Hope Ndhlovu-Chanda, an official of Zambia's human rights commission, says that while there is a higher rate of reports of rights violations by people employed in Chinese copper mines, the problems are not exclusive to Chinese companies: "Several investors, whether from Europe, America, China, and even some Zambians, often don't adhere to Zambia's labour laws," she added.

So who is responsible for ensuring that Chinese companies or indeed foreign investors operate within the legal framework of the host countries? What about the "expatriate" chicken farmers and shop keepers, aren't they a threat to Zambia's micro-enterprise sector?

Well, despite complaints that they are taking over the informal economy, and destroying the bulk of the population's livelihoods, they are operating within the law, because these sectors are not protected from outside competition.

So is it the responsibility of the Chinese to play fair in an open market environment?

The way an investor behaves is pretty much determined by the rules of the game set by the host country. Every government has the right to set rules and ensure that they are enforced. Why are governments such as Zambia's unable to assert their authority? Investors can always take advantage of weak institutions.

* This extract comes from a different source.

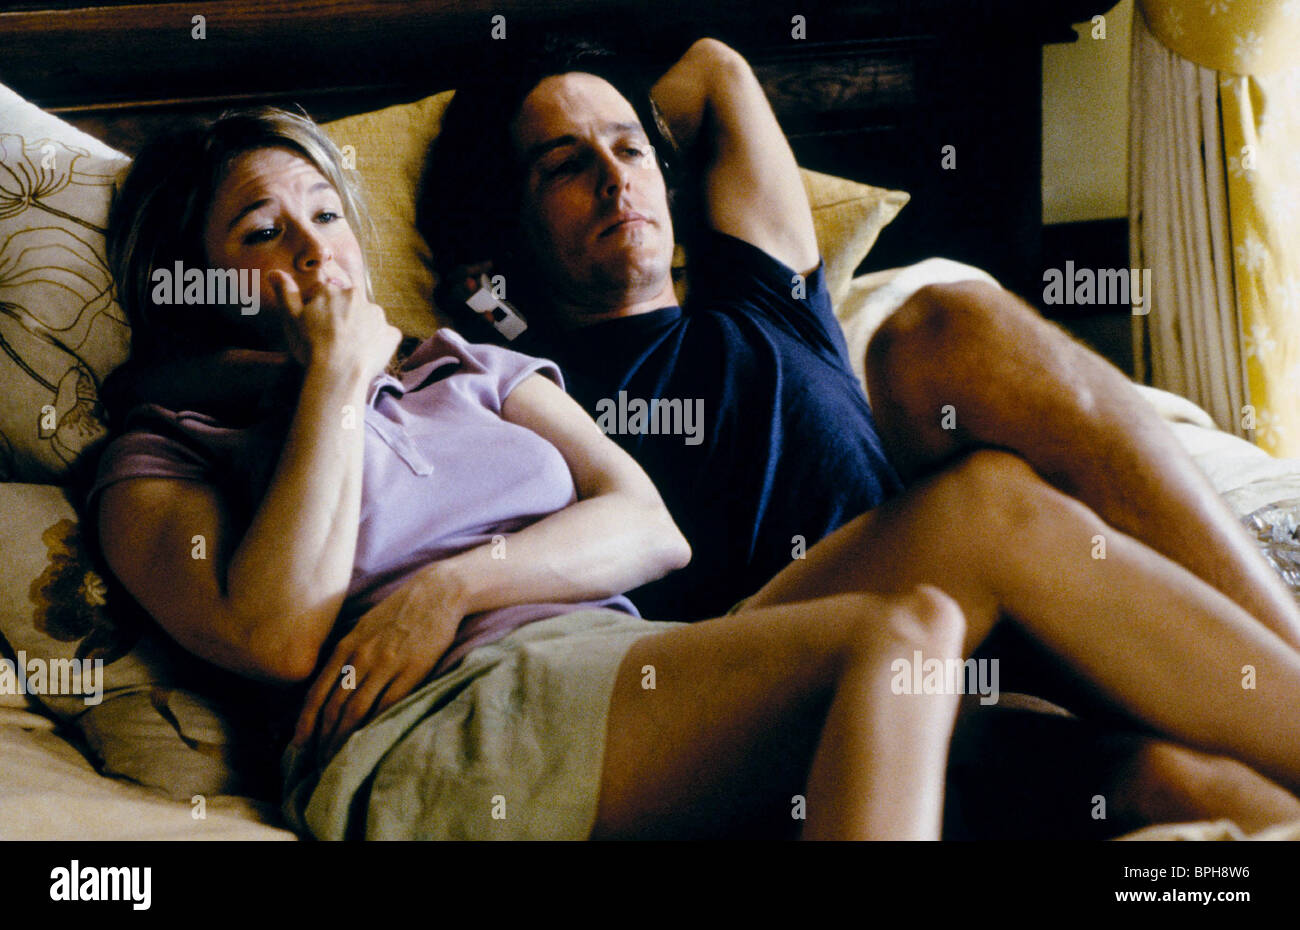 Renee Zellweger Hugh Grant Bridget Jones S Diary 2001 Stock Photo Alamy

Questions about China's role must continue to be asked, but isn't it high time that some of these questions are directed at African governments?

China is open and unapologetic about its strategic objectives in Africa. It is hungry for Africa's natural resources and has already secured deals for oil, minerals and trade amongst others.

As well as its declared interest to tap into Africa's unsaturated markets for its manufactured goods, Beijing is also seeking to expand its global influence with the diplomatic help of African countries.

But what about the African countries it is dealing with? What do they want from China? How many of them have policies for dealing with the economic superpower?

An African official privy to such negotiations told me that most times they go into negotiations unprepared and make adhoc decisions based on what is being offered. "We once signed a 200-page document without reading the small print," he laughed.

This lack of foresight inevitably puts such governments on the weaker end of the negotiating table.

How many African countries have clearly defined visions for the next 30 years? It's difficult to work out a route if you don't have a planned destination.

The relationship countries with stronger institutions, such as South Africa and Mauritius, enjoy with China is very different from other African countries.

China's activities have the potential to contribute to Africa's development, but the challenge is on African governments to not only create enabling environments for business but also strengthen their institutional capacities.

This can only be done if they have clearly defined policies and rules of engagement, which ensure that the deals they sign benefit their people in the long term.